The contradictions of the austerity measures that Greece has pursued are found in the consequences of a society that in 2014 resembles the era of the military Junta of 1967-1974. Never before has any government behaved in an authoritarian manner as the neoliberal administrations (both PASOK and New Democracy) except for the colonels of the US-backed Junta. Destroying collective bargaining, destroying the right of workers to strike because the courts declare strikes illegal, destroying the ability of people to demonstrate because anti-austerity protests are deemed synonymous with anarchism if not terrorism, the government has done everything in its power to return Greece to the good old days of pre-WWII era when Great Britain dictated policy and the Cold War when the US did the same thing. 

A mere semi-colony without a trace of sovereignty left, Greece has lost the illusion of pride rooted in the classical world.
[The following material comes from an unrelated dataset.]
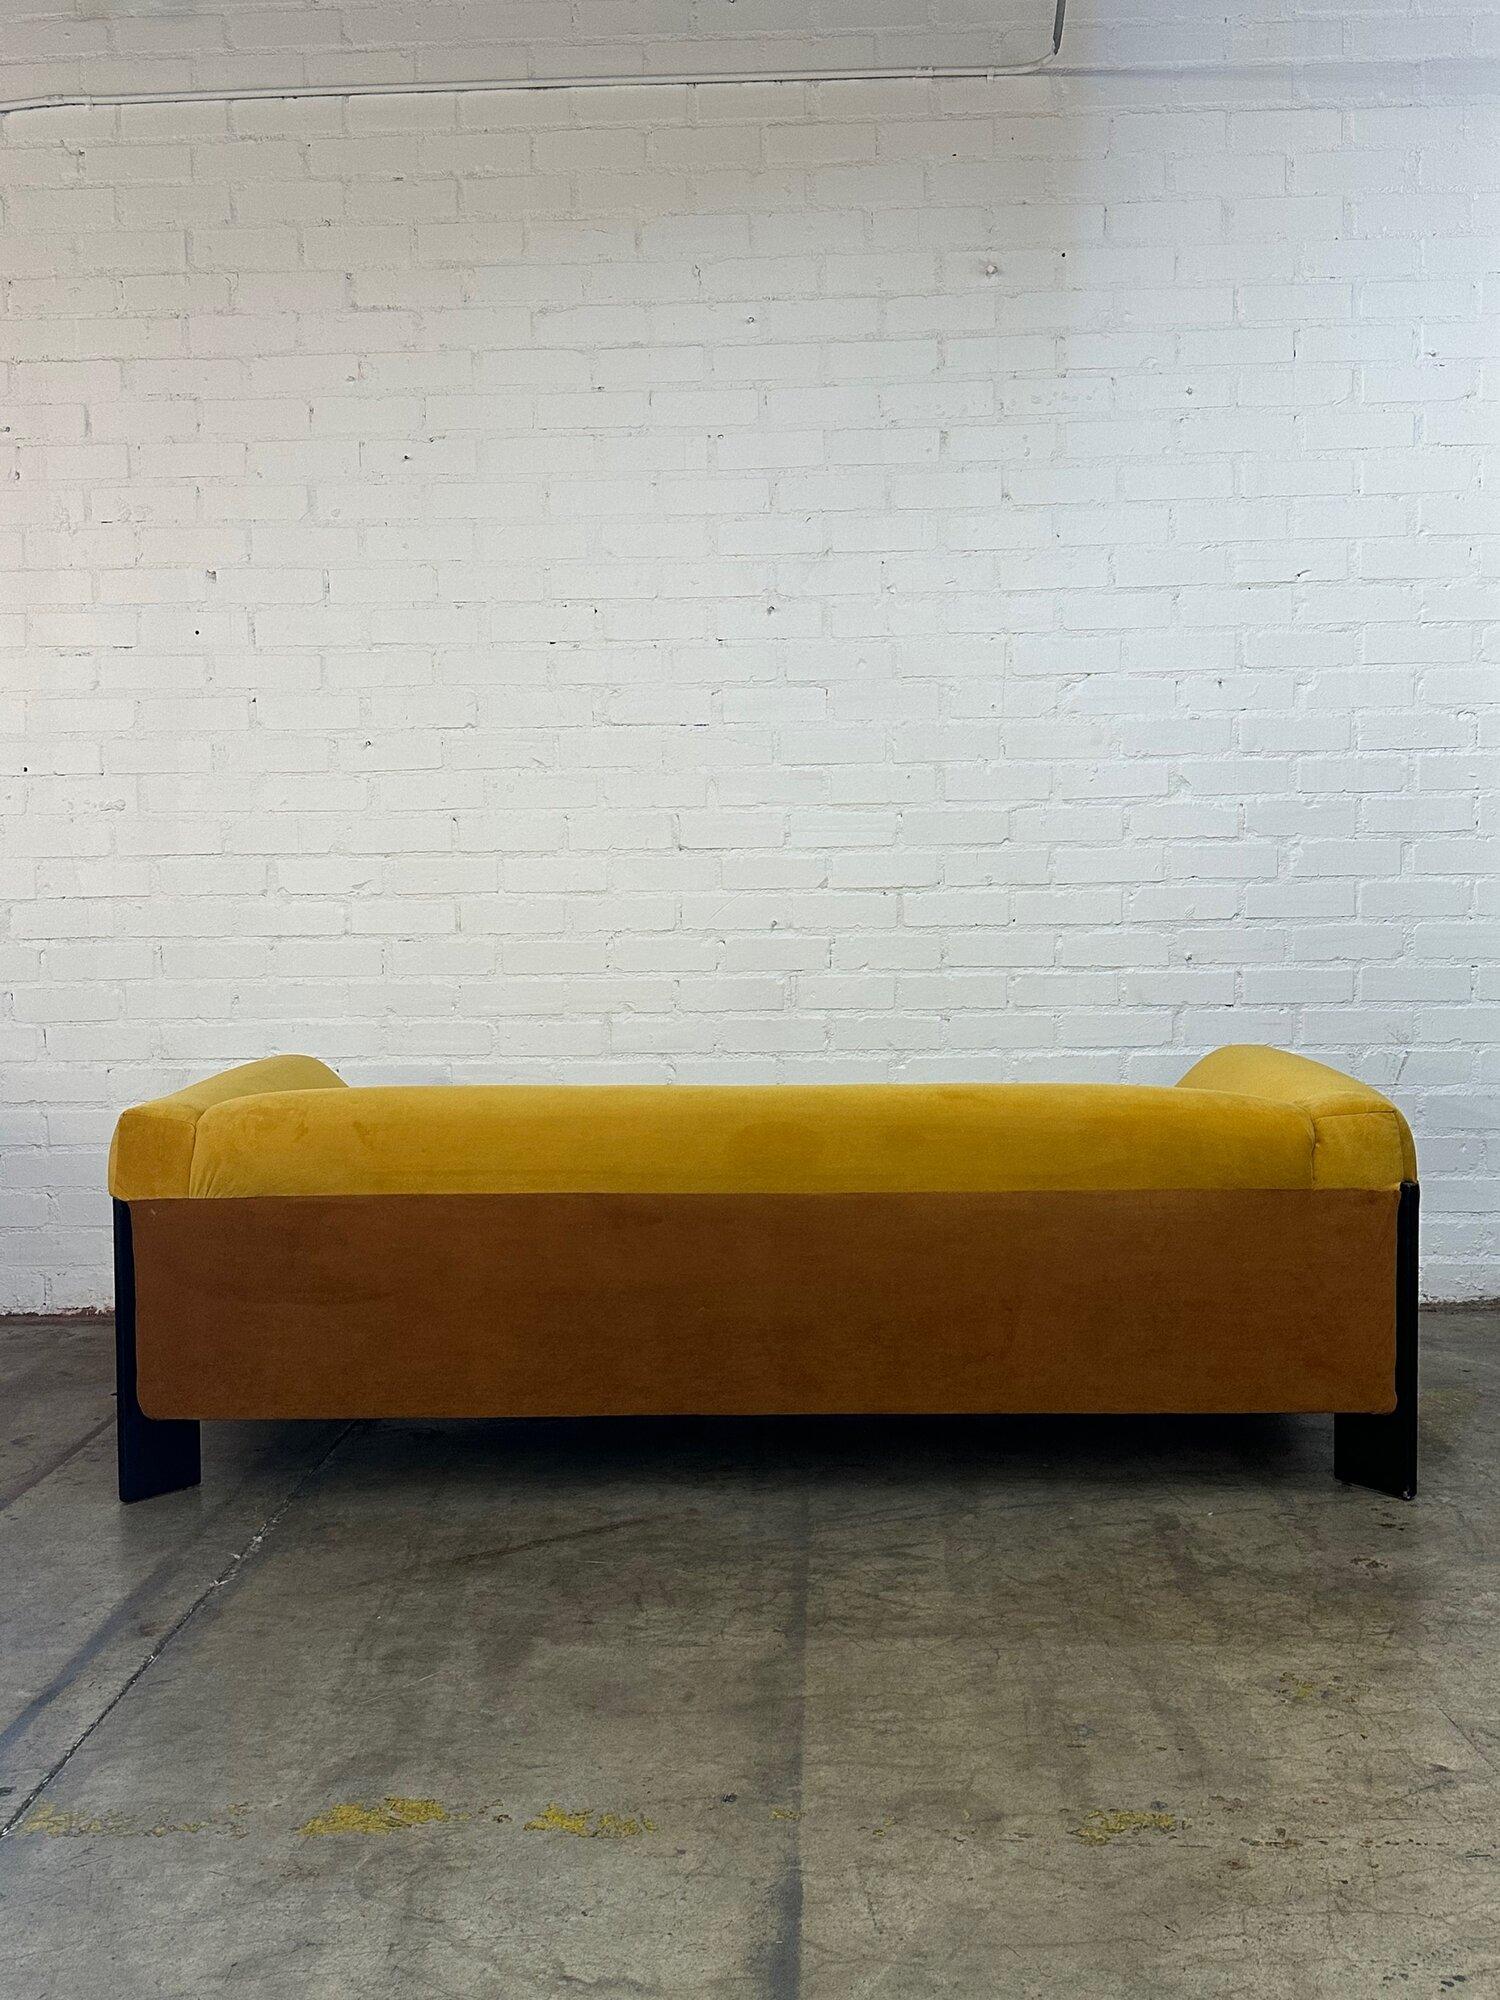 American 70s Retro Style “Open Arms Sofa” - AS IS

The neo-liberal regime tries to revive Greek nationalism and inculcate a sense of pride into the public by pointing to some new archeological findings from the post-Alexander the Great era, and by bringing to the country the new wife of actor George Clooney to say that the Elgin Marbles, stolen by the British and housed in the Birtish Museum must now be returned. Nothing wrong with a society immersed in classical culture and myth, but the reality of mass emigration of college-educated young people, poverty, high unemployment, and suicides due to absence of hope for the future cannot possibly be countered by the Elgin Marbles and new archeological discoveries that glorify ancient civilization. Joseph Campbell was correct about the power of myth in a culture, and it is true that Illusions keep humans beings balanced, but life's essentials for survival are even more important.